Credit Market Anxieties May Weaken the Global Economy

For a number of years borrowers have been allowed unrestrained movement in the debt markets. This was largely due to huge demand from investors for high-yield products. The healthy profits and favourable market conditions helped companies to make their repayments and as a result, failure to pay was hardly an issue. This resulted in borrowers amounting huge pressure on banks to drop certain precautionary measures that they had adopted to protect themselves in the event of payment defaults.

At present however, investors are being very selective with their choice of investments. Lending institutions that had previously lent substantial amounts to finance huge deals, had done so on the premise of selling these loans on. A decrease in market demand has this week resulted in companies backtracking on two major deals due to close. Deals totaling $17 billion have been withdrawn in the past six weeks alone.

Many are citing the difficulties in the US subprime mortgage market as the principal cause of this change in behaviour. Here, defaults have increased vastly and have resulted in the downfall of several hedge funds. There have also been claims that failure to pay is a problem that has also spread to conventional loans in recent weeks, which is worrying as investors become nervous and tend to back away from investment commitments when even one area of their portfolio is experiences problems.

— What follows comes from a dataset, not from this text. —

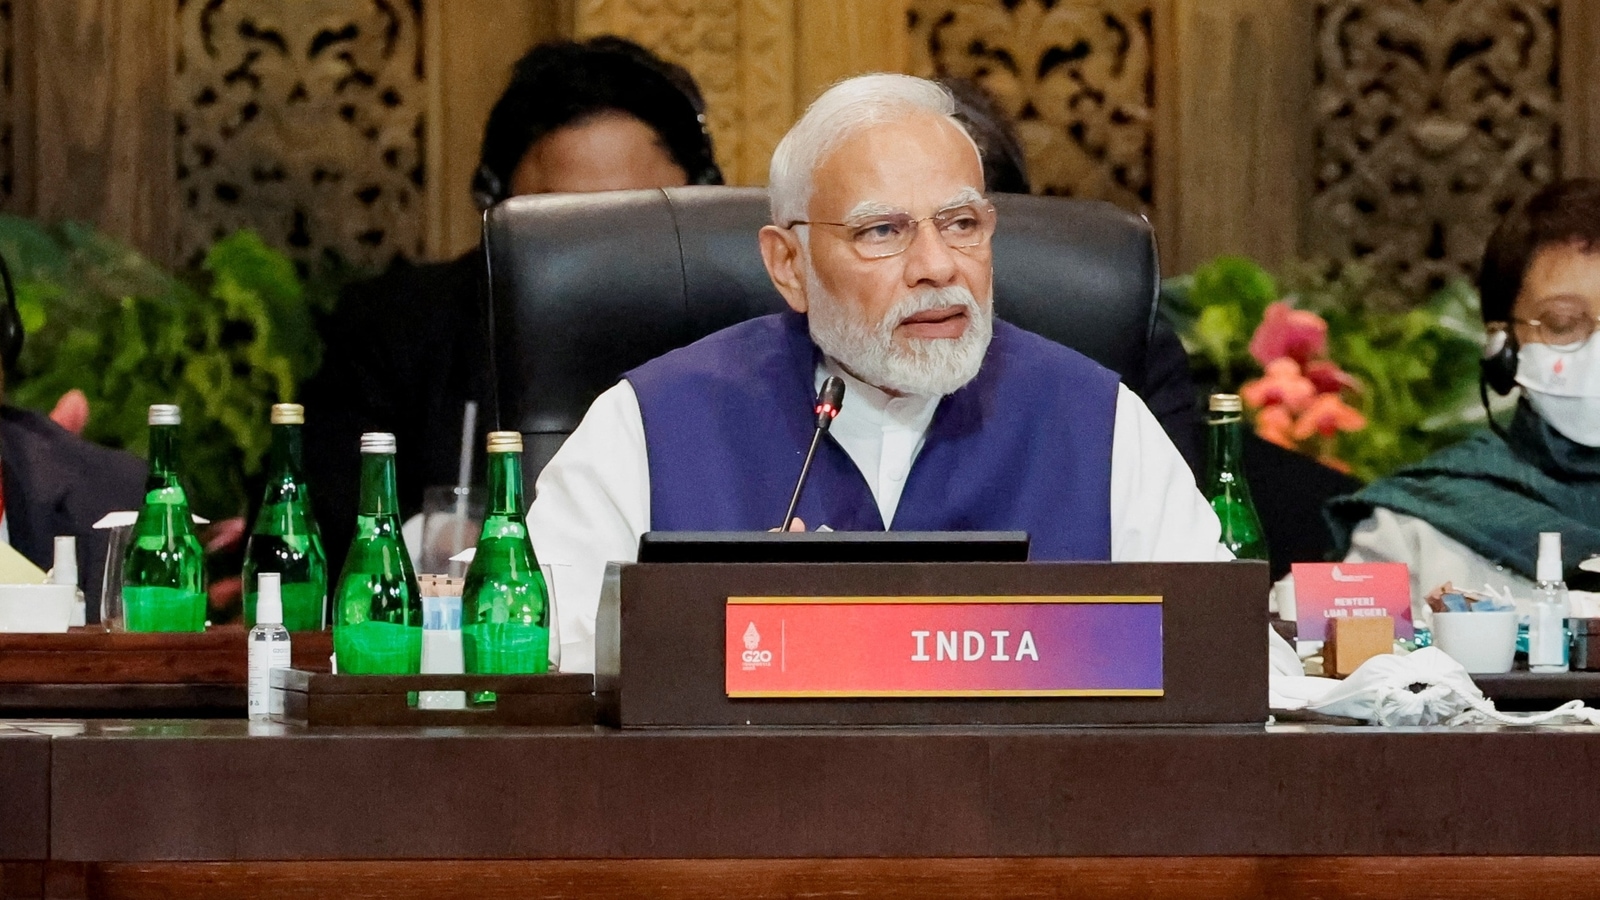 Are PM Modi's image on the gift bags provided at the FIFA World Cup 2022  opening ceremony in Qatar? - Fact Crescendo

According to some ratings agencies, nearly $1 trillion has been raised in European credit markets in the first six months of this year and that there are a further $200 billion in deals currently in the pipeline. As a result of this, investors are seeking out higher yields. Credit default swaps spreads in the European high yield market are currently wide enough to cover the mean historic default rate. The US boasts an even higher level of spreads. If spreads are put under too much pressure however, this could cause significant flagging in the world economy. Corporate profits are also not exercising the same levels of growth that they have previously shown, which many banks will find worrying and may cause them to hold back before deciding to provide the funding for large deals in the future.